Big businesses accused of 'raping' the regional press

Local and regional newspapers are being “systematically raped” by
large PLCs, according to NUJ vice president Chris Morley speaking at
the union’s Pay in the Media Summit.

The
relationship between the big newspaper companies and the City, and the
terms and conditions of NUJ members, was high on the agenda at the
summit, held in London on Saturday.

Morley referred to the “desert years”

of
derecognition from the mid-1980s, which he said had seen terms and
conditions for journalists considerably reduced.
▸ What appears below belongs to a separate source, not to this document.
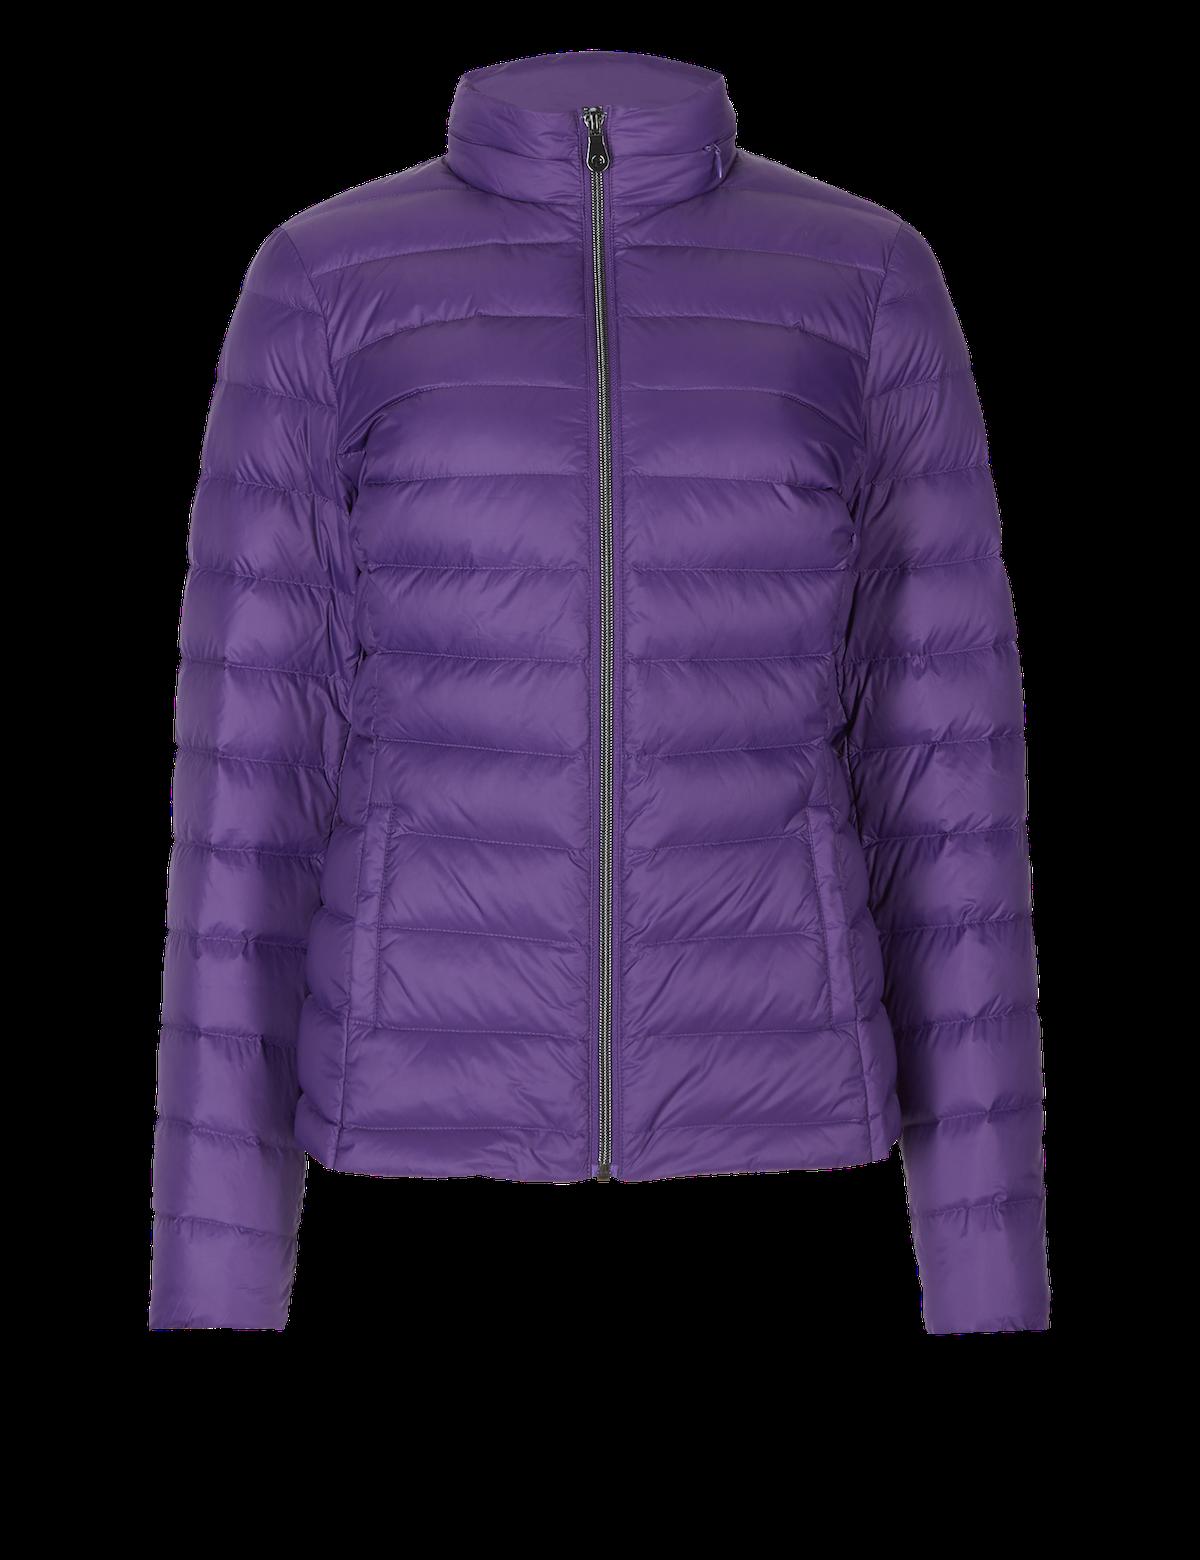 Řada Active Wear nově zahrnuje také péřové bundy a vesty pro chladnější počasí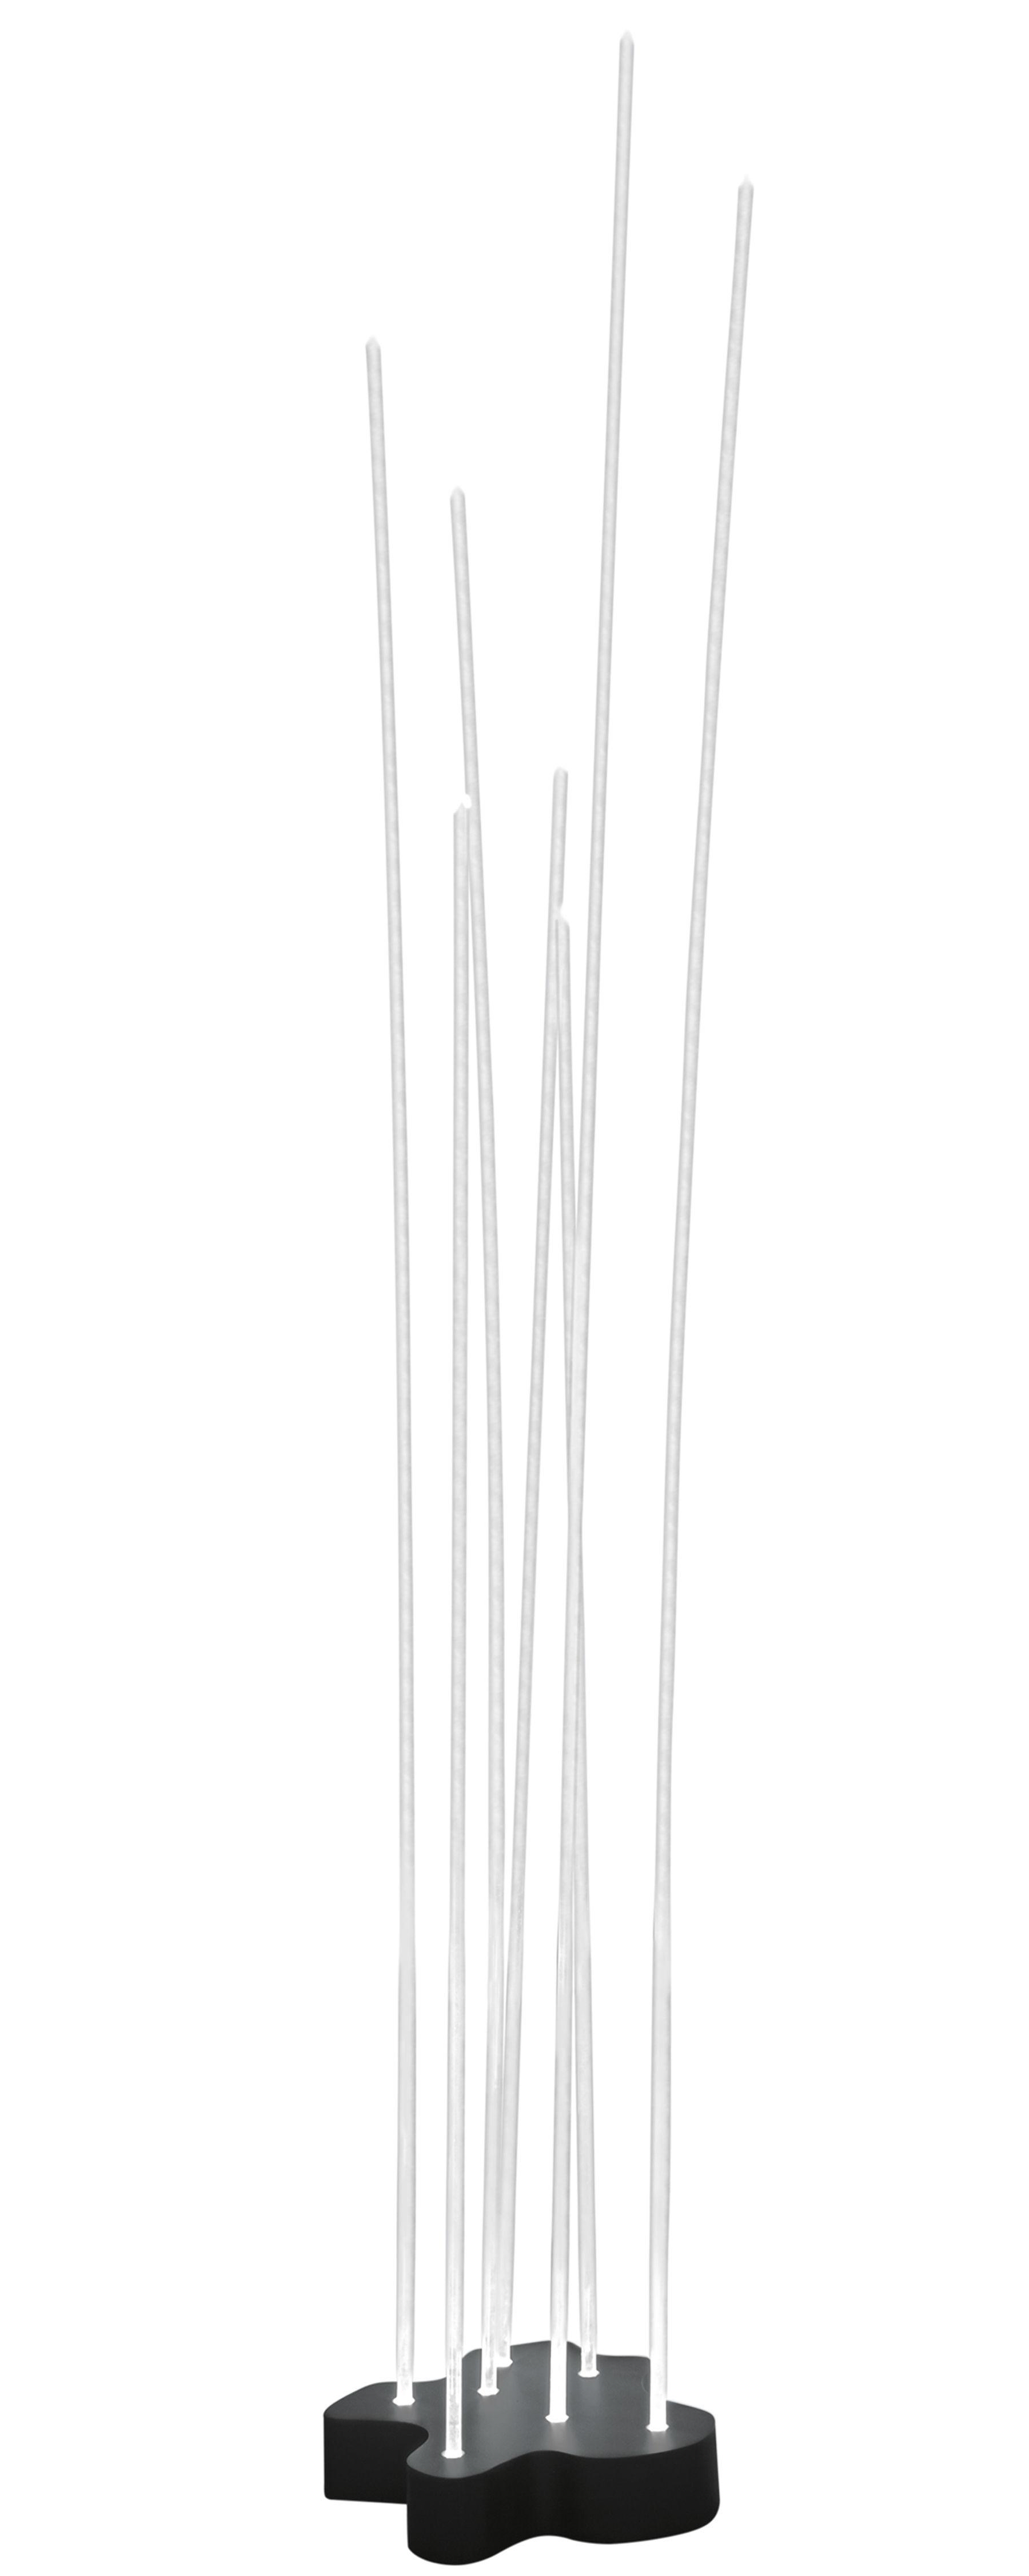 Illuminazione - Lampade da terra - Lampada a stelo Reeds LED di Artemide -  - Acciaio inossidabile verniciato, PMMA

But he claimed the
tide had turned and said journalists’ pay should be put on a footing
with what it once was.

Morley said: “Over the years we have seen
the big PLCs grow up, such as Trinity Mirror, Newsquest and Johnston,
who have systematically raped the provincial press.

“Johnston is
seen as the benchmark and their profit margins are around 35 per cent.
In the nationals the Telegraph reported their figures. They made £30
million, but on a profit margin of only 10 per cent.

“We’ve got
our members subsidising the shareholders, and I think that’s something
as a union we should try and influence and bring down the expectations
of the shareholders, which drive the management to attack our members’
terms and conditions.”

NUJ general secretary Jeremy Dear drew on new research the union has been conducting into pay in the media.

It
found that nearly half of journalists in the UK earn less than the
national average wage of £27,200 and that more than one in five earn
less than the Council of Europe Decency Threshold of £16,000.

It
also found that 80 per cent of journalists were unable to secure a
mortgage to buy the average house in the UK. Dear linked the figures to
the years of union derecognition throughout the press since the 1980s.

He
said: “All this at a time when our pay is being further eroded through
the closure of defined benefit pension schemes and their replacement
with inferior schemes for new starters.”

Morley pointed out that the union has a fighting fund for journalists involved in industrial action of £1 million.

Dear confirmed there would be a series of national protests over journalists’ pay in all sectors throughout the coming year.

Plea from NUJ freelance officer

HIGHLIGHTING THE PLIGHT OF FREELANCES

The
NUJ’s freelance officer Christina Zaba (left) made a plea to
journalists to consider the hundreds of freelances she describes as
“the ghost army” with few employment benefits.

She told delegates
freelances do not receive holiday pay, pensions or maternity leave and
have few colleagues around them for support.

Freelance rates have
been recorded as low as £25 per 1,000 words and £12.50 for a picture.
Delegates were reminded that fees have gone up very little over the
last 10 years and freelance budgets reduced, while costs have risen
considerably, especially for freelance photographers.

Ideas
discussed included allowing freelances to join chapels, developing
freelance forums and representation in non-freelance branches, putting
forward model claims to employers and considering no-supply days.

Zaba said: “Freelances are often on extremely low pay, they are vulnerable, they have virtually no employment rights.

“They
are mugged on a daily basis down the phone. If you are a staff
journalist, think about what you’re doing when you are doing that deal.”

She also highlighted the danger to freelances of employers using more unpaid citizen journalists.